Strony

piątek, 1 lipca 2016

Podsumowanie półrocza 2016


Czerwiec okazał się miesiącem najmniej obfitującym w recenzje, czego przyczyna jest prozaiczna - nie dość, że miałam rozległą, trwającą miesiąc sesję, to do tego na dniach muszę wyprowadzić cały swój dobrobyt w inne miejsce.

Ale wczoraj w nocy postanowiłam zrobić małe podsumowanie tego półrocza i przyznam szczerze, sama się zdziwiłam otrzymanymi wynikami!







Od 1.01. do 30.06. przeczytałam 40 książek. I 1 komiks. Liczę tutaj wyłącznie te niezwiązane ze studiami i takie, które przeczytałam w tym okresie od deski do deski. Po drodze przeczytałam kilka książek do połowy, a w styczniu dokończyłam dwie książki z zeszłego roku, ale tego do rozliczenia nie liczę, bo byłoby nie fair! :D

40 książek, jak dla mnie to bardzo dużo!

Przeczytanie tylu książek było możliwe dzięki mojemu wspaniałemu chłopakowi, któremu podkradłam czytnik ebooków - 25 z 40 książek przeczytałam właśnie w tej formie.

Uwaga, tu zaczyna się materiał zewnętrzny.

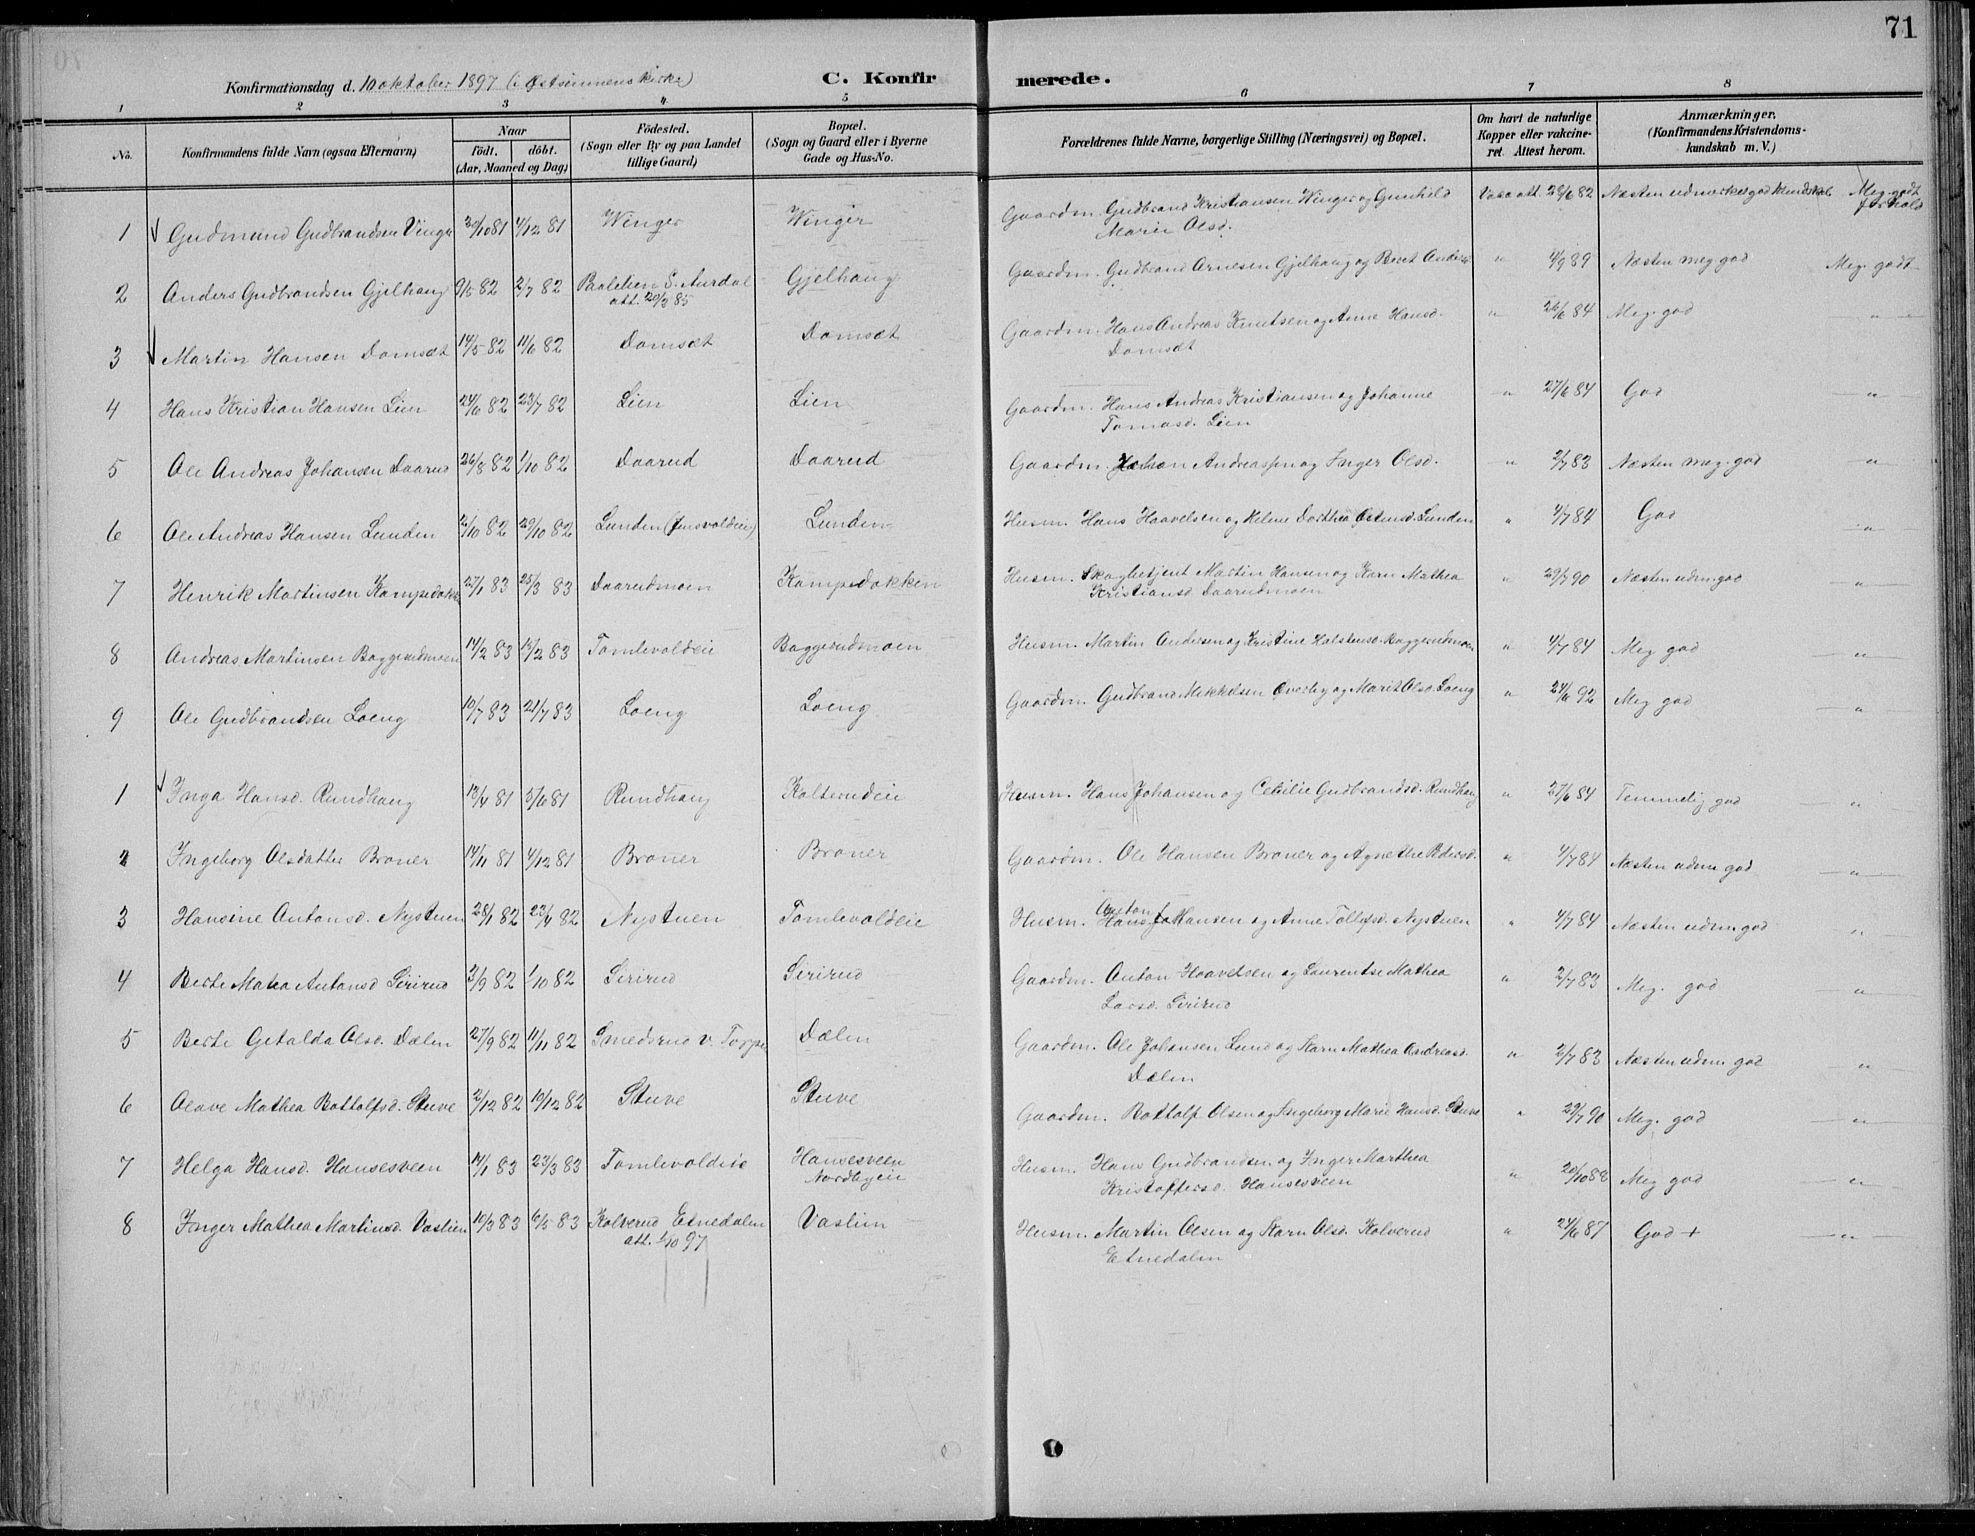 SAH, Nordre Land prestekontor, Klokkerbok nr. 13, 1891-1904, s. 71

Co ciekawe, sądziłam, że statystycznie każda czytana przeze mnie książka ma ok 230-250 stron. Tak mi się wydawało, że raz czytam dużo krótsze, raz znacznie dłuższe, a w przybliżeniu tyle stron na jedną książkę. Jakież było moje zdumienie gdy okazało się, że przeczytałam w sumie 17310 stron, co daje ok. 432 stron na książkę! Wynik okazał się być niemal dwa razy większy od oczekiwanego i to była naprawdę bardzo miła niespodzianka!

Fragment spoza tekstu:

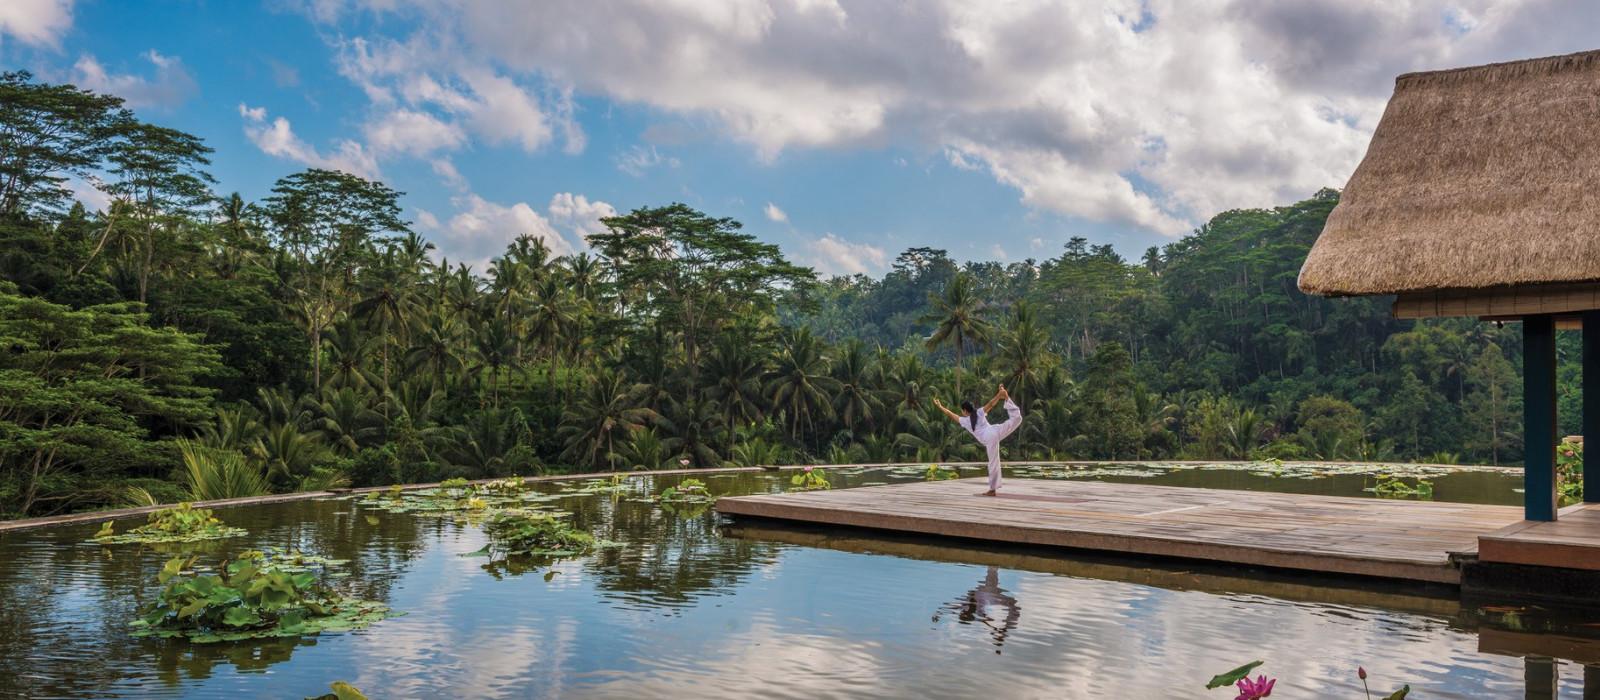 Außenanlage des Four Seasons Resort Bali at Sayan Hotels in Ubud, Indonesien

Najkrótsza książka miała 92 strony i był to Nadchodzący sztorm Richarda Castle'a. Najdłuższa książka to Królowa cieni Sarah J. Maas - 848 stron. 


Napisałam 43 recenzje książkowe, 4 filmowe i 2 teatralne, przy czym pierwsza recenzja pojawić się mogła dopiero 15 stycznia, czyli pół miesiąca recenzowania z definicji przepadło.


Jakie plany na najbliższe półrocze?
Melduję, że jestem gotowa i plany są bardzo rozległe! Mnóstwo książek przede mną i mam nadzieję, że choć moje wakacje niestety nie są wolne od pracy, to mimo to uda mi się sporo przeczytać! Przygotowanych mam co najmniej 37 pozycji, w które się w tym roku obkupiłam, mam nadzieję, że recenzji będzie co najmniej 2 razy więcej, bo sporo książek do recenzji czeka. Sesja wyrzuła mnie z kreatywności, ale wracam w lipcu z nowym zapasem energii!

Pozdrawiam Was ciepło!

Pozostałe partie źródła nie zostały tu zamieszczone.